Notice none of those is an SSN. The IRS built the paper path precisely so that founders without a US tax identity can still register a business and pay any taxes owed.
Frequently asked questions
Do I need an ITIN to get an EIN?
No. You do not need an ITIN to get an EIN. On Form SS-4 you write "Foreign" in the responsible party tax ID field instead of an ITIN or SSN. The ITIN and the EIN are separate things, and you can get the EIN without ever having either personal number.
Can I get an EIN before my Wyoming LLC is formed?
No. You should form the entity first, because the EIN attaches to a specific legal business. Apply for the LLC, get your confirmation from the Wyoming Secretary of State, then submit Form SS-4 using the LLC's exact legal name.
Is the EIN really free?
Yes. The IRS does not charge for issuing an EIN. If a service charges you, you are paying for the preparation and filing work, not for the number itself, which the IRS always provides at no cost.
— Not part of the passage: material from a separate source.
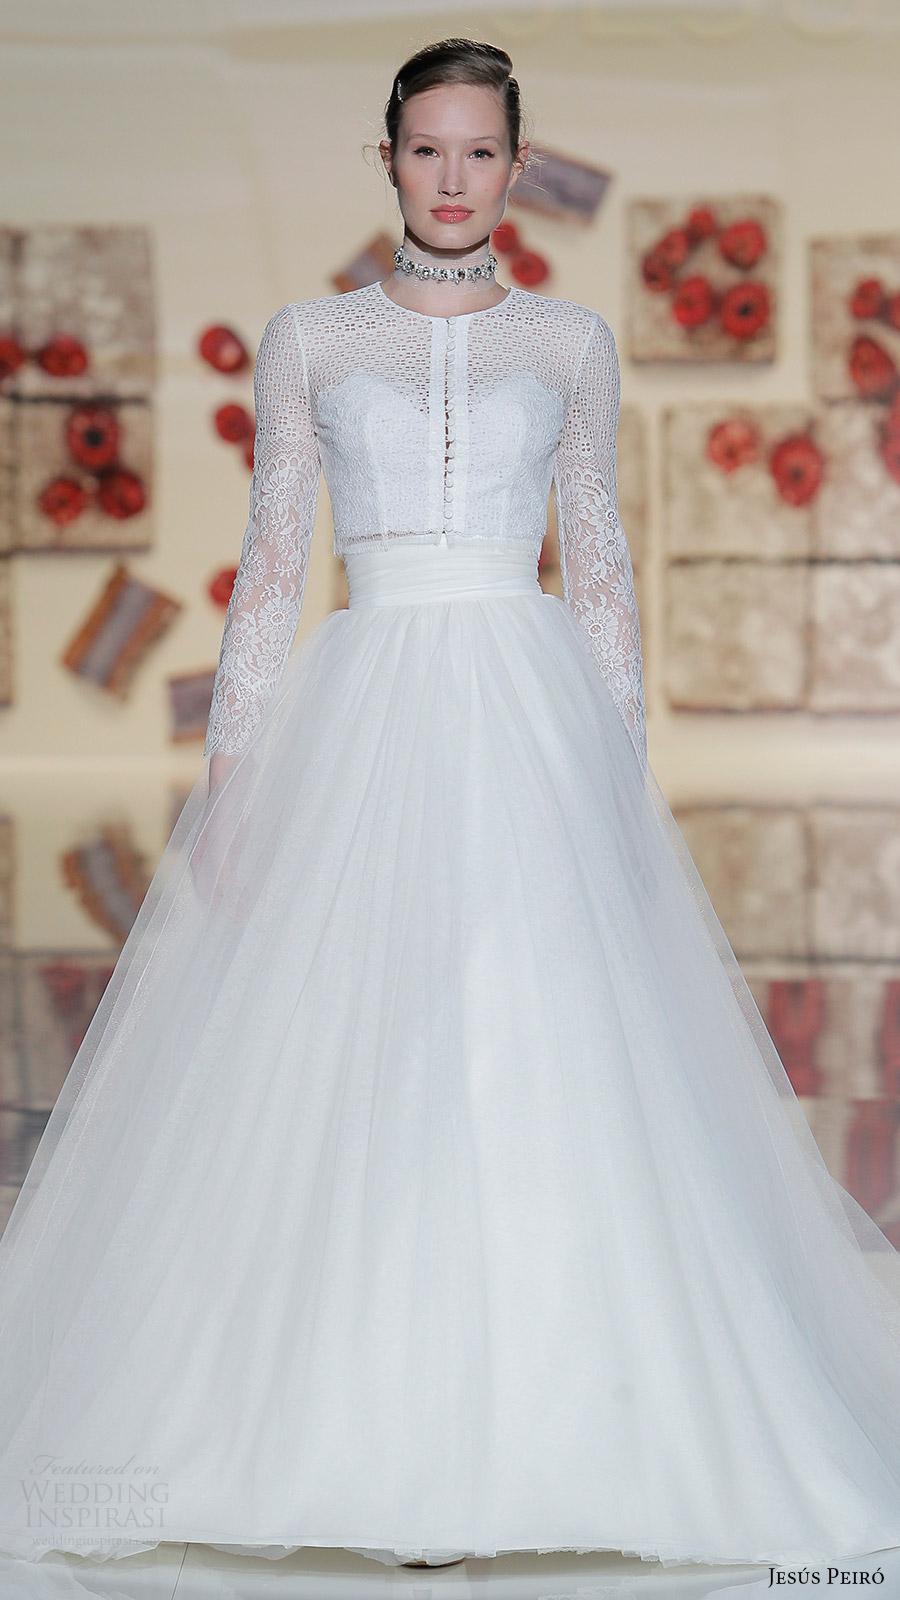 jesus peiro bridal 2017 long sleeves jewel neck button top aline skirt two piece wedidng dress (03) mv

What if I make a mistake on Form SS-4?
A mistake usually means rejection and a restart, which adds weeks. The most common errors are leaving the responsible party tax ID blank instead of writing "Foreign," forgetting to sign, or using a business name that does not match the formation documents. Double-check the form against your filed paperwork before you send it.
Can I do all of this without visiting the US?
Yes. The entire process, forming the Wyoming LLC, applying for the EIN by fax or phone, appointing a registered agent, and setting up a US business address, can be done remotely from anywhere. There is no requirement to enter the United States to register a US company or obtain its EIN.